Could the listing below be reproduced exactly, minus its pictures?

**Collected data:**
= Beginning of Section =
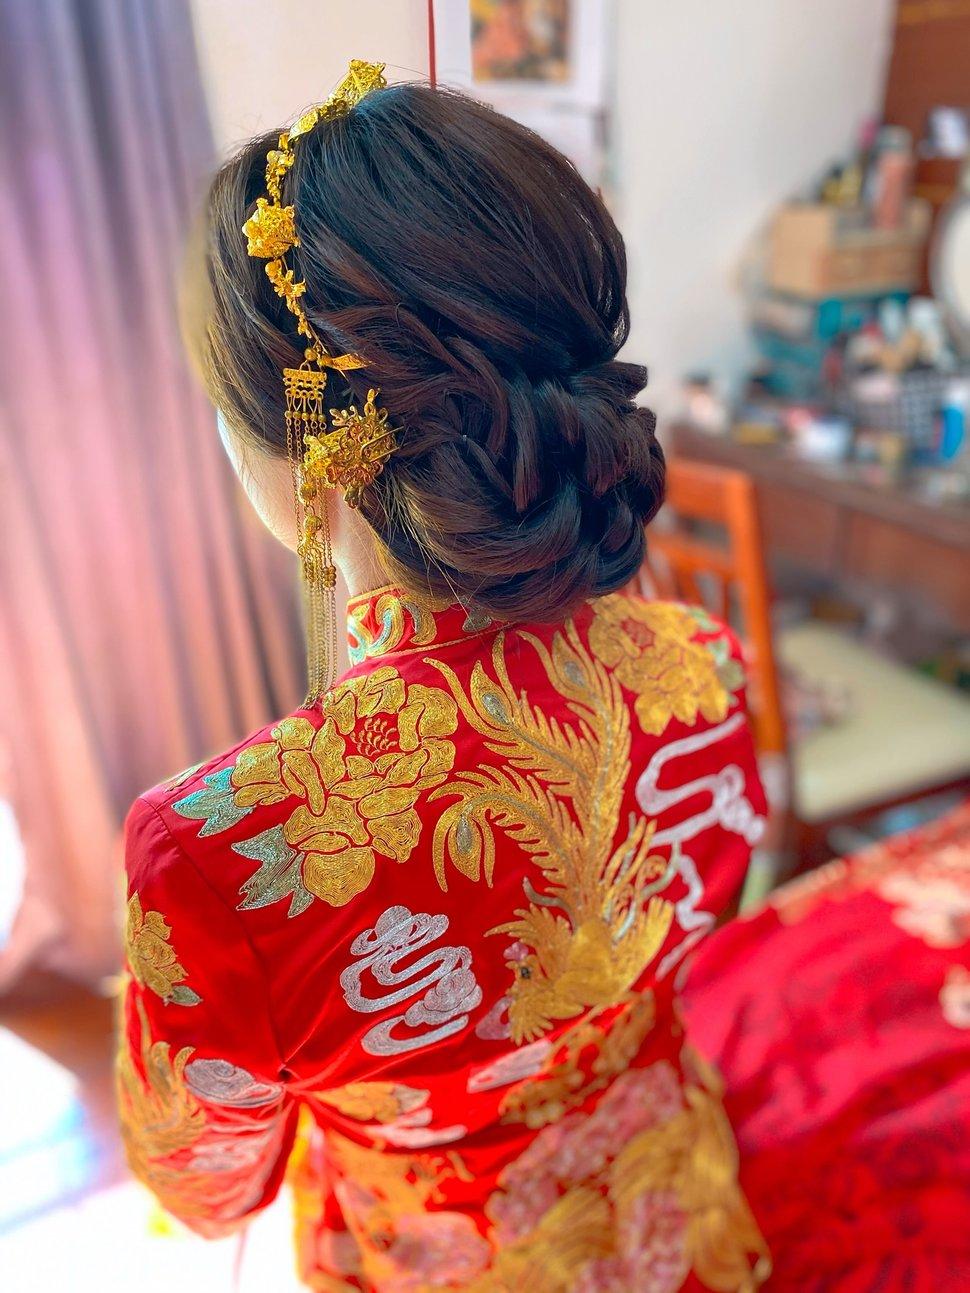 3B7E3806-8839-4919-ABCF-108A67FF7CA5 - 亞澐 Wedding 新娘秘書 整體彩妝《結婚吧》
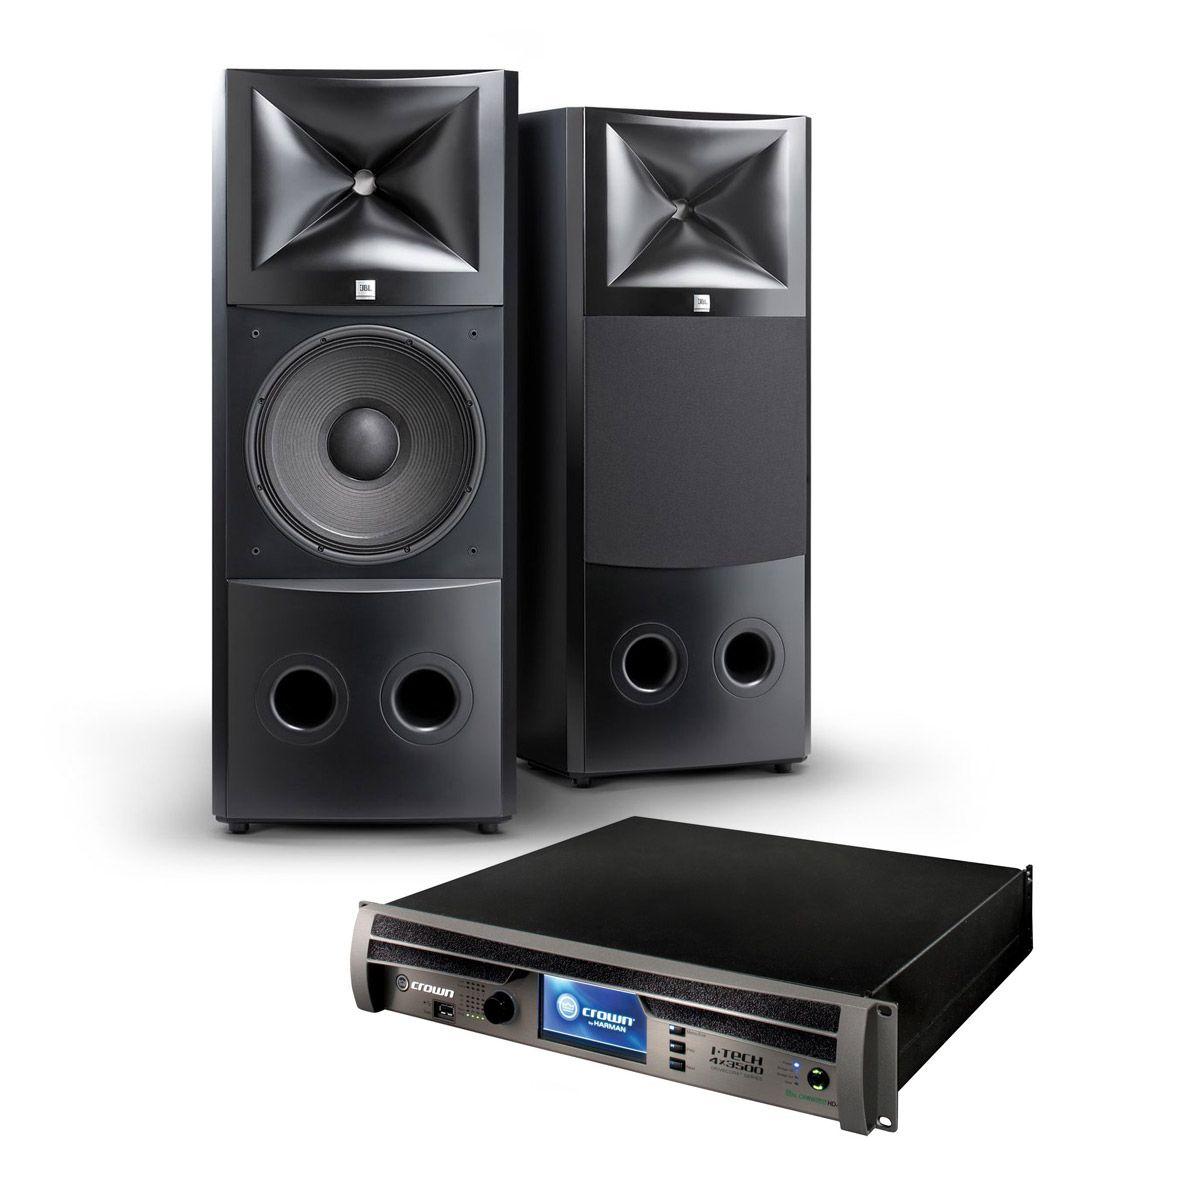 m audio av 42 pack de 2 enceintes de monitoring actives compactes syst me d 39 enceintes de. Black Bedroom Furniture Sets. Home Design Ideas
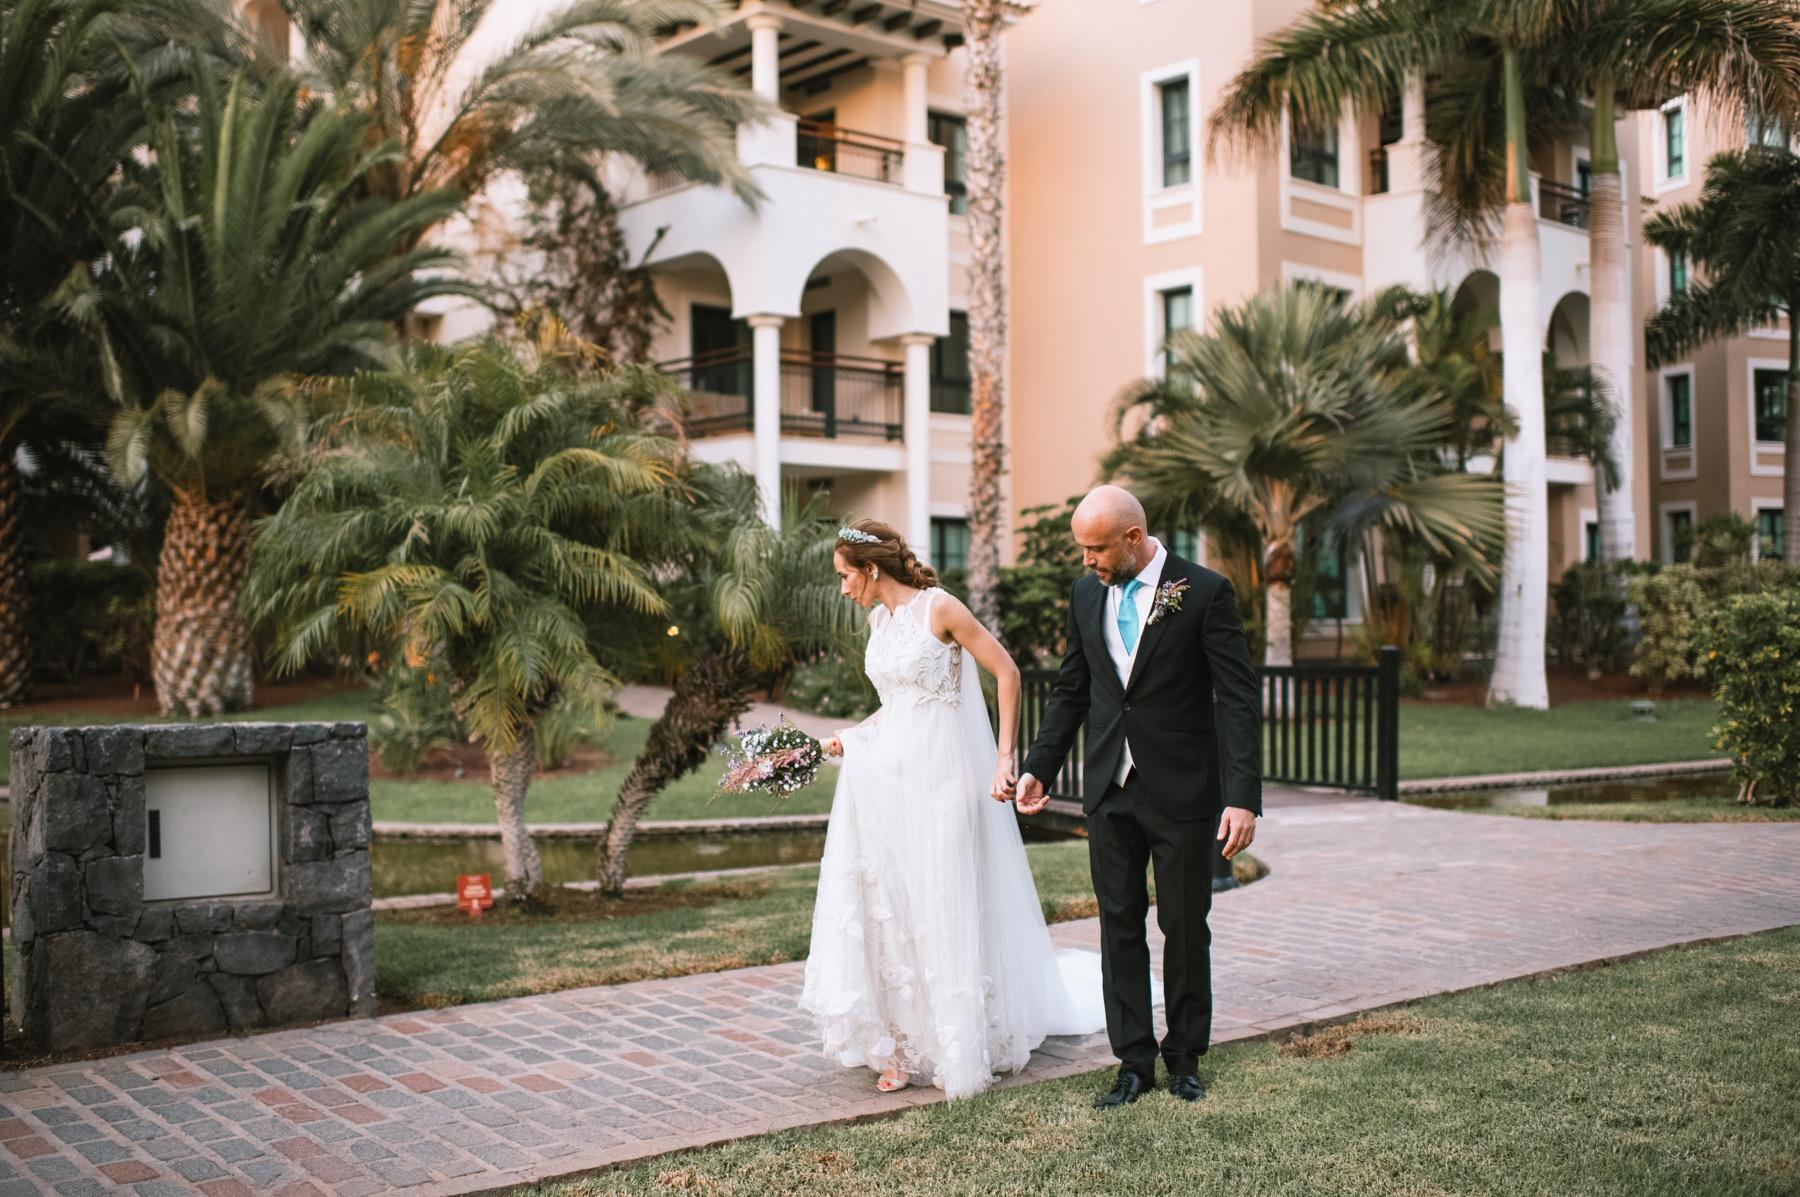 Luxury wedding Melia Guia de Isora Tenerife
= End of Section =
**Response:**
 3B7E3806-8839-4919-ABCF-108A67FF7CA5 - 亞澐 Wedding 新娘秘書 整體彩妝《結婚吧》
 m audio av 42 pack de 2 enceintes de monitoring actives compactes syst me d 39 enceintes de. Black Bedroom Furniture Sets. Home Design Ideas
 Luxury wedding Melia Guia de Isora Tenerife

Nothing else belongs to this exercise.